Sphere XP Makes GUI 3D
Cypherus writes "I came across a link for a 3d desktop environment. "The SphereXP is a 3D desktop replacement for Microsoft Windows XP. Taking the known concept of three-dimensional desktops to its own level. It offers a new way to organize objects on the desktop such a icons and applications. Check the videos and screenshots to get the idea.""
I really don't think the 3d desktop will be feasable until we have some form of useful, cheap, and easy to use 3D input device. Anyone work with this sort of thing?
What I have yet to see on any sort of 3D gui, is a thought out plan. (If anyone has please link)
I would like to see some thought like a list of limitations that the 2D GUI paradigm currently has and how a 3D GUI could address these issues while not producing a huge long list of its own problems.
Until then, this looks cool, but is in no way a step forward, back, up or down. It's just kinda there.
-- taking over the world, we are.
This (SphereXP) is almost painful to use. Not that it's a bad design (it's very interesting), but I've seen the videos from a while back (I'm working on something that competes along these lines, have to keep tabs...). Two things I would say to the coder: 1.) CSGL is no longer being developed. Switch to Tao (http://www.randyridge.com). 2.) Try and keep the amount of effort (moving around, switching tasks) to a minimum. Download the videos, you will see what I mean. Lots of bad clicking and scraping while moving around the sphere.
The biggest problem I've run into (again, I'm working on something in the 3D Desktop arena), is that in windows, you cannot jack the Paint APIs (easily). So you can't just grab a window and throw it into OpenGL. Additionally, you can't modify the source (closed-source) to grab the windows...Which I am attempting to rectify with some assembly code, but it's still a pain.
The nice thing about Tao? Cross-platform (somewhat). As for my program? It will be released after I finish the assembly.
I am John Hurt.
People who said that about Windows were obviously not paying attention. Being able to carry out multiple tasks in parallel, to have several applications available to facilitate workflow, that's dead simple to justify.
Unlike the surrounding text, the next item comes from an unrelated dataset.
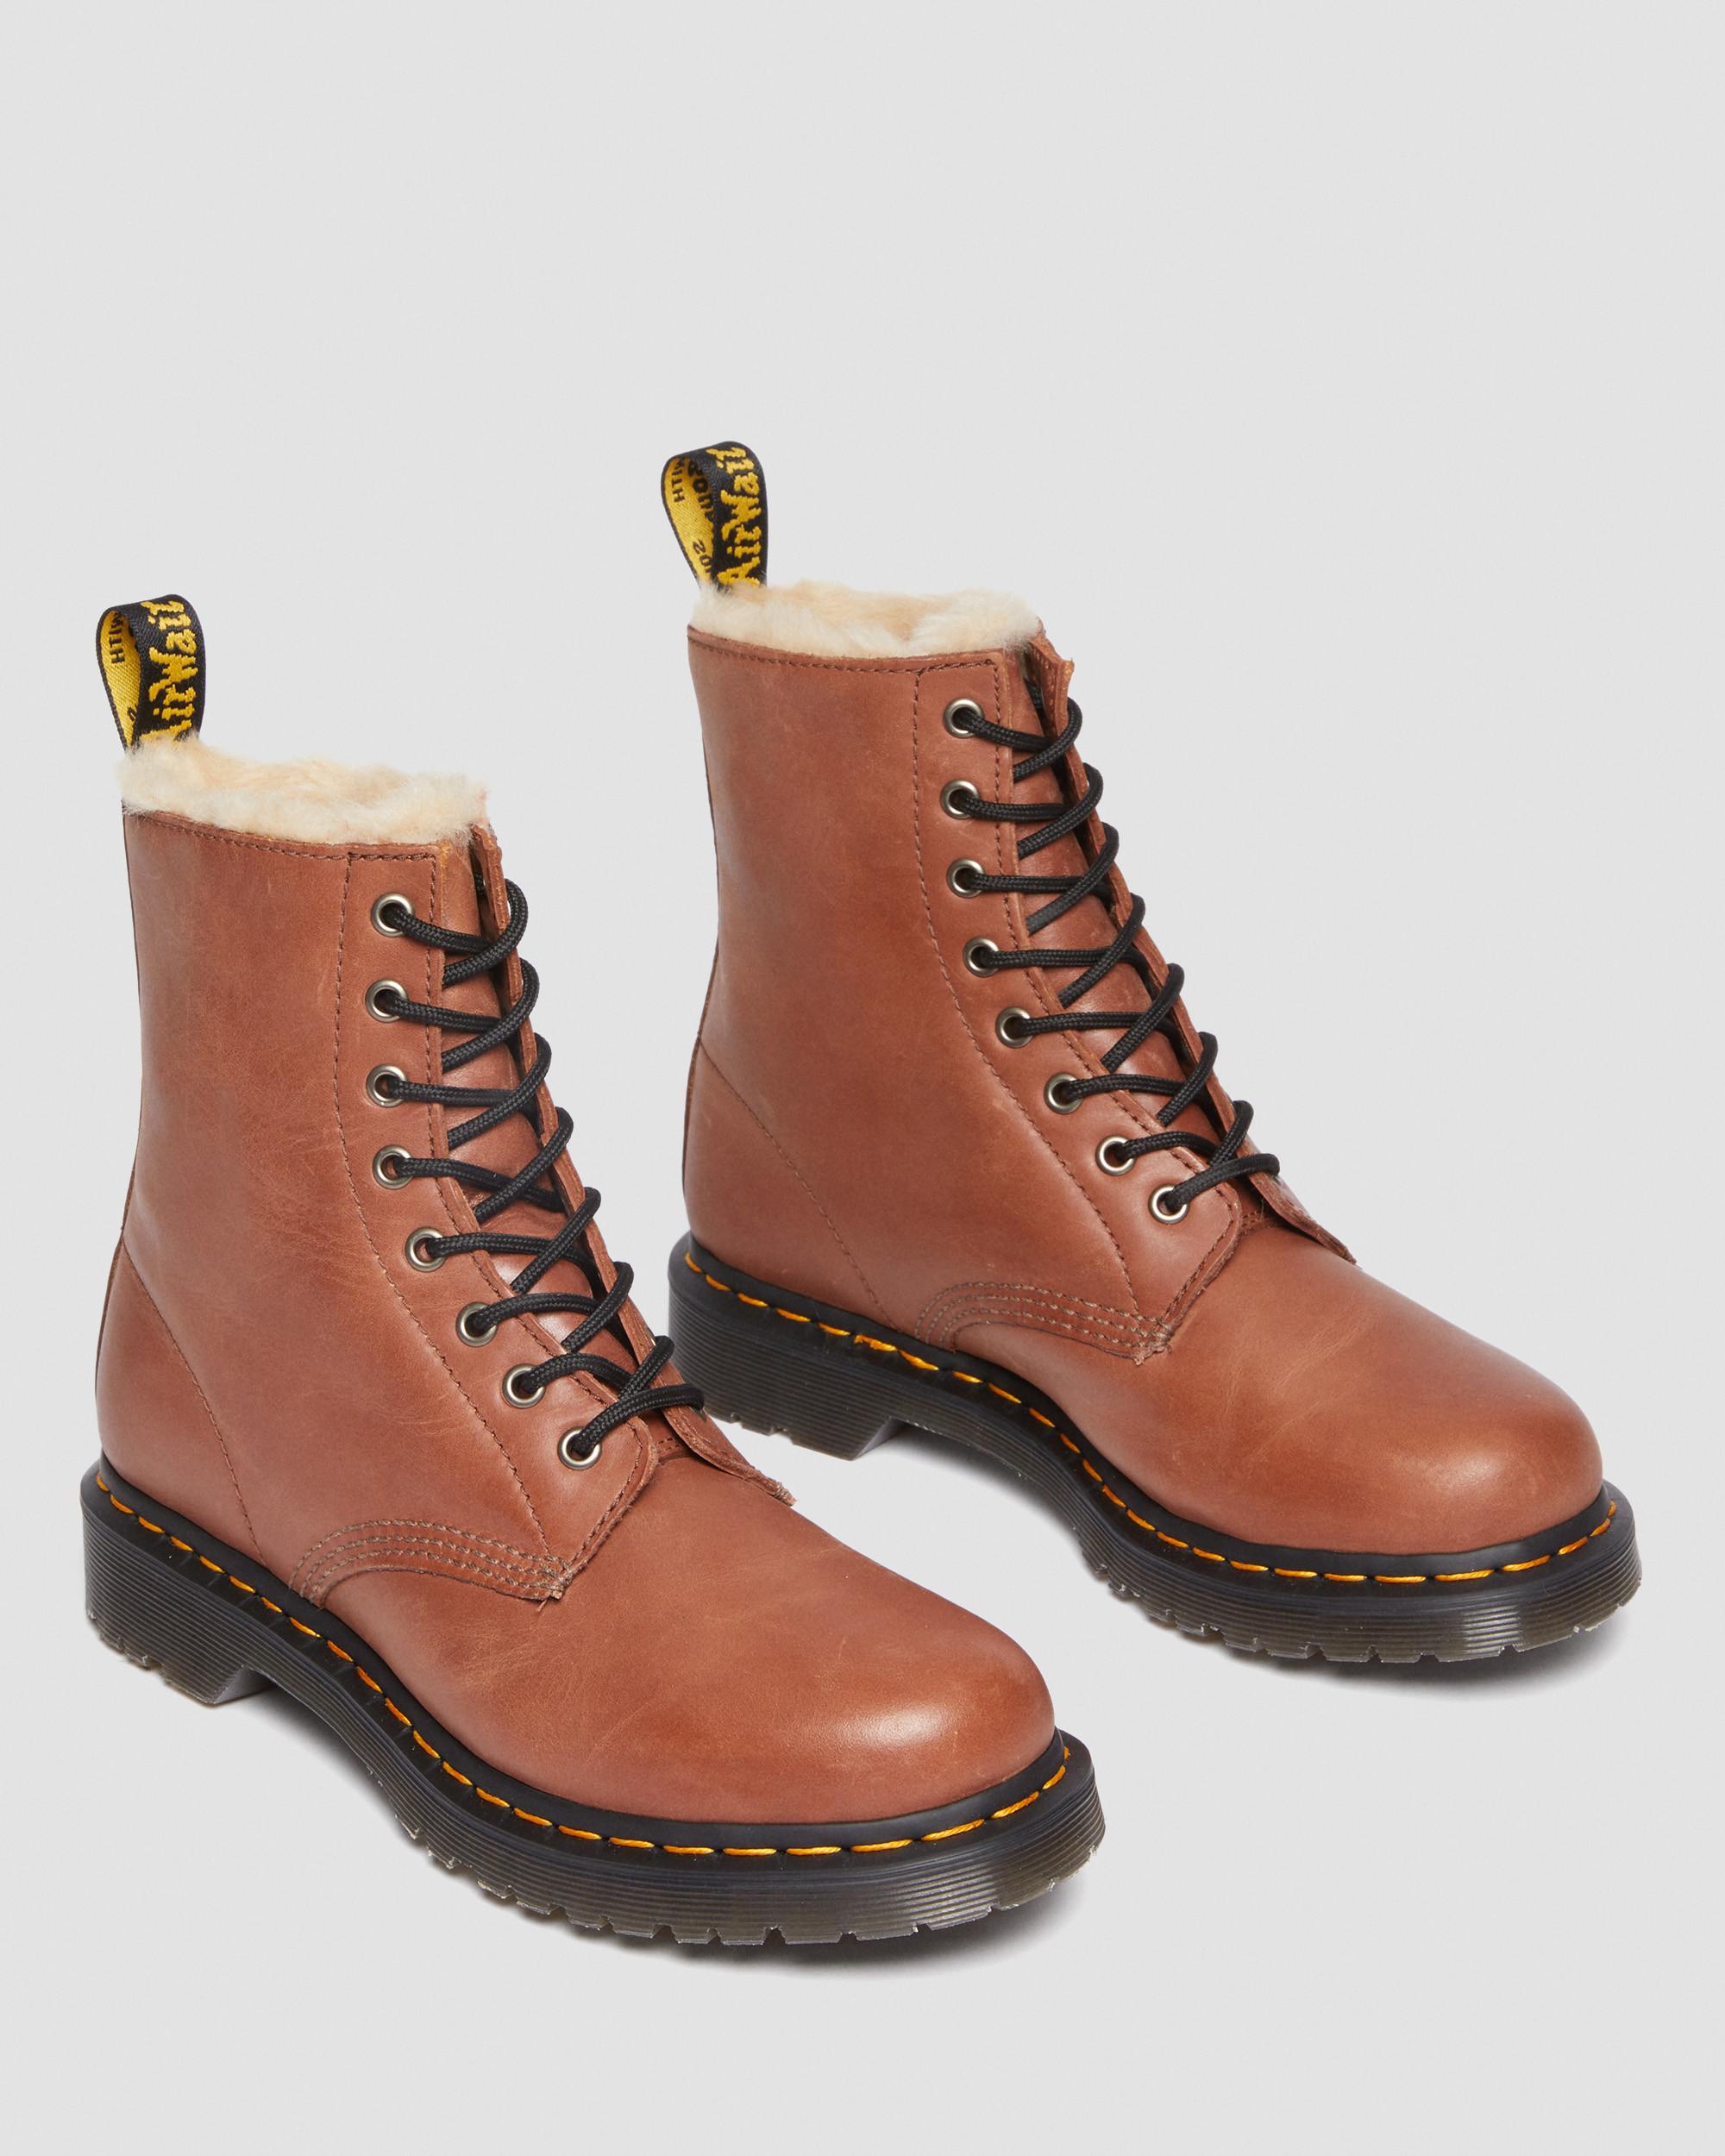 1460 Serena Faux Fur Lined Leather Lace Up Boots1460 Serena Faux Fur Lined Leather Lace Up Boots Dr. Martens

Bear in mind that the windowed nature of the Windows GUI wasn't the big step forward - the multiple application, flexible workflow side of things is what truly mattered (working in windows had been around for ages, just look at the Mac, or even better GEOS on the C64!).
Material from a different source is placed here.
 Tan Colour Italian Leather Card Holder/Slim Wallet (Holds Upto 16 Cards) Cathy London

Having a pretty 3D interface to do the same thing? I'm not convinced. Gimme something truly revolutionary.
PC INpact Screenshots
The downside of these interfaces is the ridiculously high processor and memory requirements. All that extra graphic manipulation comes at a price, and I for one don't see any reason to waste processor cycles.
They also said that "glass teletypes" would be too bulky and difficult to read. They said that color graphics were a perfectly good waste of video RAM. And 2D graphics with a mouse would never catch on because pointing and clicking at rectangles all day long would get much too tedious.
Of course the 3D desktop comes at a price. It's not practical these days anyway, but it might be in the future. That "might" is very much the key. Even if this is all smoke and mirrors (doubtful, but possible), it makes the company look good. It's "innovation." It might become the next trend.
This Sphere XP is not in use right now because there are significant limiting factors. Computing resources, navigation, ease of use, etc. The whole purpose of research like this is to try to find new ways over those hurdles. If they just sat around all day shaking their heads and saying, "this is pointless, why don't we combine OS X and Windows XP instead?" they... well, they'd end up being you.
What I'd much rather see is somebody developing a faster, more lightweight UI that is a nice combination of OSX and Windows XP. One that chews up LESS memory (instead of more, like this), one that speeds things up.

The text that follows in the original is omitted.